Мантусов улыбнулся. Он почувствовал, что боль отступает. Она еще не исчезла вовсе, но уже ослабла, притихла. Дышать стало легче, свободней. И даже краски вокруг неуловимо изменились: то были серыми, размытыми, а теперь посветлели. Мантусов увидел зарю, нежную, дрожащую. Солнце еще не взошло над горизонтом, но оно было уже где-то близко к нему, совсем рядом. Небо голубело все сильней и сильней. И воздух тоже становился прозрачным и голубоватым. Мантусову показалось, что воздух по цвету похож на те подснежники, которые он подарил когда-то Ирине. Он раньше и не подозревал, что дарить цветы — это очень приятно. Особенно если они такие чистые и прозрачные, как Иринины глаза.
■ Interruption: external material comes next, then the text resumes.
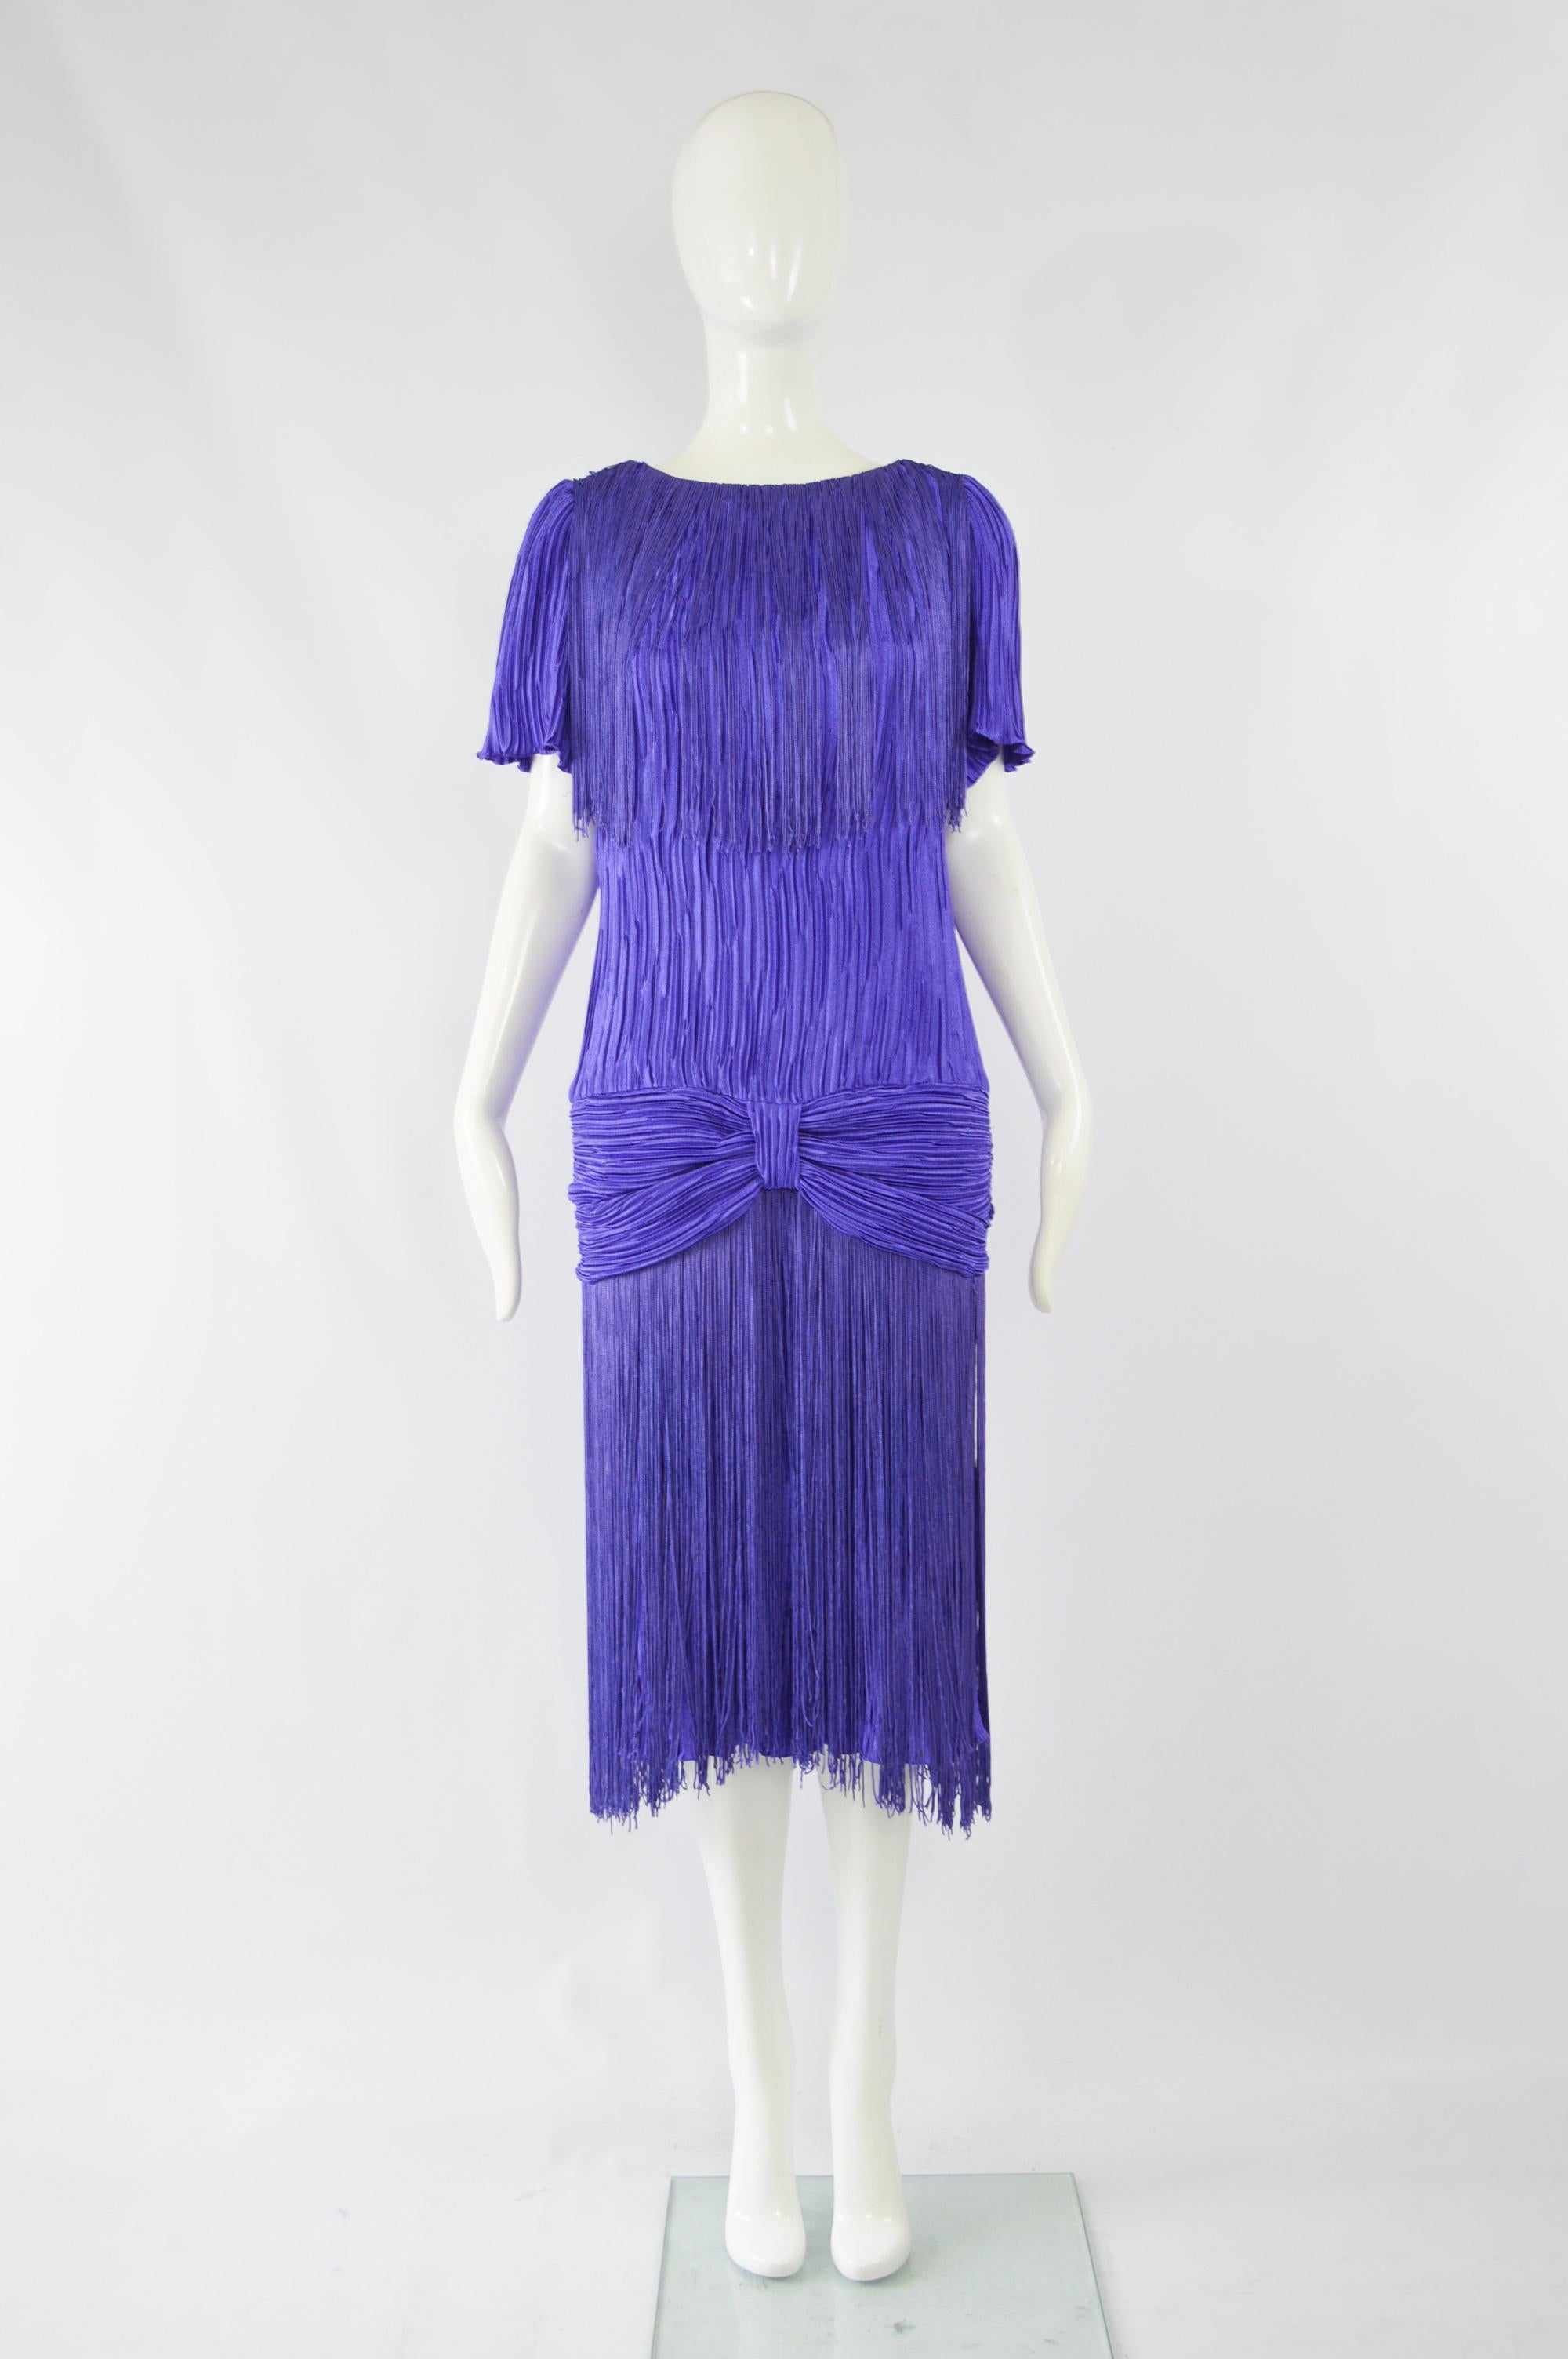 A fabulous vintage womens evening / party dress by high quality American label, Pat Richards. In a royal blue fortuny pleated fabric with a fringed hem and shoulders for a statement look.  

Size: Unlabelled; fits like a UK 14/ US 10/ EU 42. Please

Мантусов никогда прежде не дарил цветов. Сначала потому, что был мальчишкой и чаще дергал девчонок за косы, чем рассматривал, какие у них глаза. Потом, вероятно, оттого, что быстро возмужал и огрубел. Мальчишки на фронте и в семнадцать становились взрослыми. А ему было двадцать четыре, когда он попал под Сталинград, где началась его военная биография. Потом были бои на Дону, под Курском, на Днепре, ранение, контузия, опять ранение…
Пуговица отыскала его в палате. В один прекрасный день она появилась на пороге и, протягивая ему кусочек сахара, сказала:
«Это полезно. У тебя сильно болит?»
Ему стало и смешно, и грустно. Милая, добрая девчушка! Как он все-таки привязался к ней!
«Нет, не очень, — доверительно признался он. — Мне хорошие лекарства дают».
«А ты с этой ходишь? — потрогала она костыль, стоявший в изголовье. — Можно мне немножко?»
«Валяй, — разрешил он, — только смотри, чтобы тетя в белом халате не увидела. А то попадет нам обоим».
Пуговица прижилась в медсанбате. Раненые кормили ее, угощали нехитрыми сладостями. Она носила им цветочки, декламировала стишки и даже пела иногда «Широка страна моя родная». Это был коронный номер в ее репертуаре.
В тот раз его долго не выписывали из медсанбата. Затянувшаяся было рана открылась вновь и загноилась.
Получив наконец отпуск по ранению, Мантусов выписал проездные документы в Куйбышев: Он все же намеревался поехать к сестре, хотя так и не получил от нее ни одного письма. Но все могло быть: время военное, почта работает с перебоями. Пуговицу Мантусов решил взять с собой. Отдавать девочку в детдом ему не хотелось.
Весна ворвалась в город пением скворцов, блеском луж, разноголосой капелью. Приятно было вдыхать свежий, не пахнущий пороховой гарью воздух и громко, не таясь и не соблюдая маскировки, шлепать по талому снегу. И хотя радоваться было, собственно, нечему (сестра уехала из Куйбышева куда-то на Дон), Мантусов шагал по городу и улыбался. Ему негде было ночевать. Он не знал, куда теперь определить Пуговицу. Но ощущение полноты жизни не покидало его ни на минуту.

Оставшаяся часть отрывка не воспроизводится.